Optimising to just the wlan_ioctl_set_connection_policy(...) (21 writes to 0x10..0x13), if the access point were to fail and we repeat this cycle just once every minute, the NVRAM would exhaust its (alleged) 100,000 write cycles in less than four days! Extending to a connection per hour, our product would have a life time of only six months. That’s long enough to get many units in the field and have them all come back dead! A product nightmare!

Presuming the 100000 count is incorrect, a 1000000 cycle EEPROM would last a touch over a month in the field on the 1-minute cycle. This is similar to the time line of our troubled unit.

To me, this is a wholly unacceptable situation.
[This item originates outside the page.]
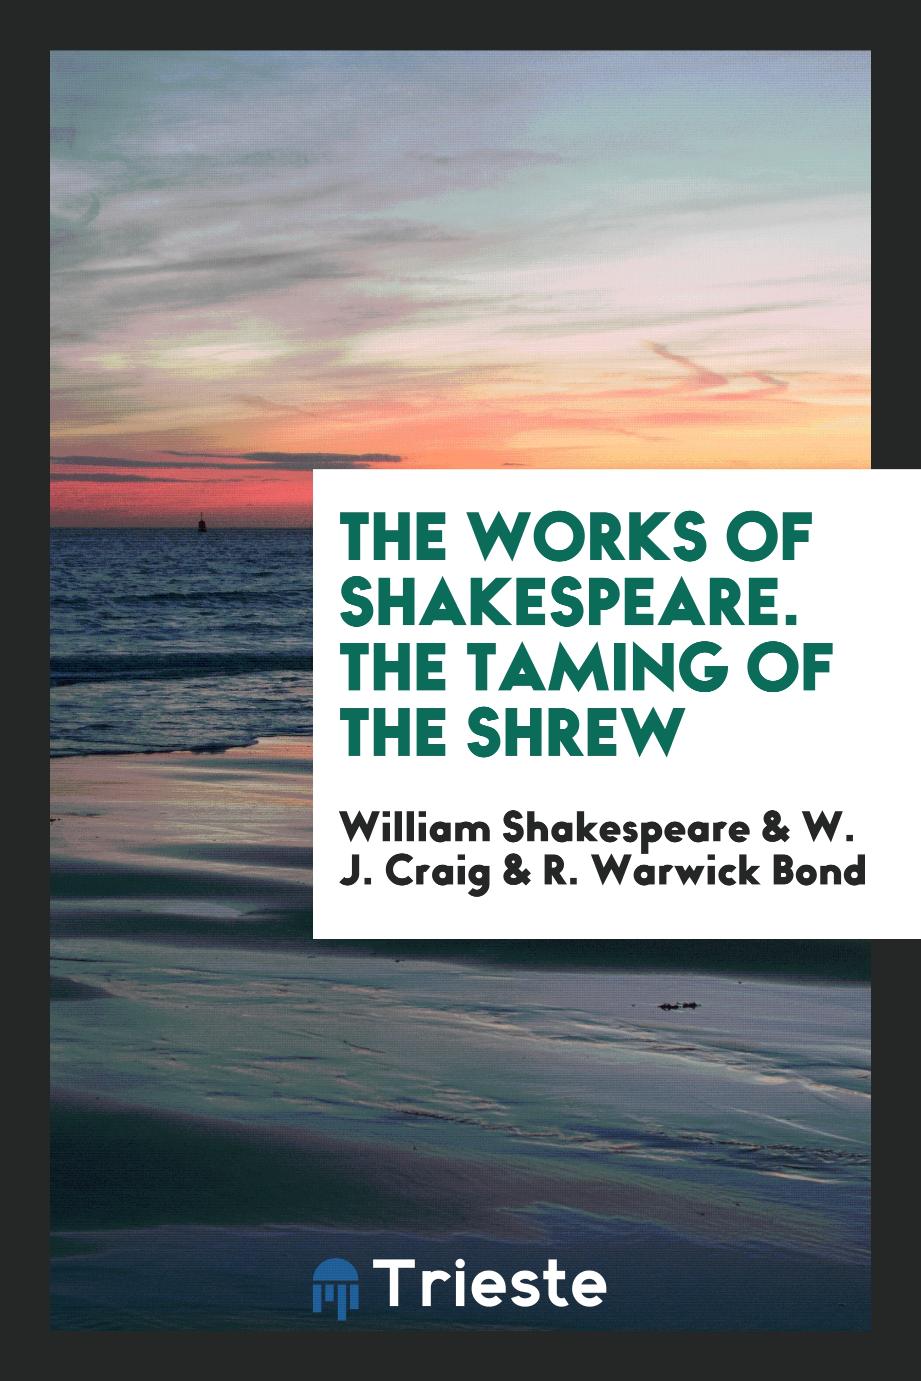 The Works of Shakespeare. The Taming of the Shrew

I do not think a 1-minute re-connection attempt is unreasonable, but I would certainly expect a device to last more than a few days or so in the not uncommon situation of access point failure.

  1. Why does it even need to write the EEPROM in this scenario?
  2. Why have TI chosen such a low-endurance EEPROM, if there is actually a good reason to write the EEPROM?
  3. What do we do to fix this?

Surely, this must have been considered during the product’s development. If this situation of writing to the same address 21 times was known to the TI development engineers, alarm bells should have been ringing over the suitability of the EEPROM. If this was not known by the development engineers, alarm bells should be ringing higher up in TI!

Can TI not see how this is going to cause a problem for a Wi-Fi device targeted at the Internet of Things? For small low power Wi-Fi boards which might turn on and off regularly? For Cellular hotspot connected devices where the hotspot cycles regularly, etc?

Discounting the fact that there doesn’t seem to be a need to write the EEPROM at all, it’s obvious from the I2C analysis what is happening here – blocks of data are being written to different EEPROM locations at a fairly sensible rate, but the low-address range is being used as some kind of pointer/status area: address 0x10 has some status value written to it (presumably to indicate that an area is currently being written), data is being written to the EEPROM then address 0x10 is being written to again to change its status back. The very next write command is to address 0x10 again changing the status back to the same value as before, ready for the next block write. This is repeated for every block of data written to the EEPROM.

If there is such a ridiculously low lifetime on the EEPROM chip, this limitation should be explicitly stated in the documentation, in a large font.

The next problem is, of course, there isn’t any decent documentation; everything has to be done via the wiki, forums and a small number of sample programs if we want to know what’s going on inside the CC3000 module at all. We can no longer even get access to an actual TI engineer directly; this is how TI now treat their customers who buy and develop with their products every day. It’s just shocking.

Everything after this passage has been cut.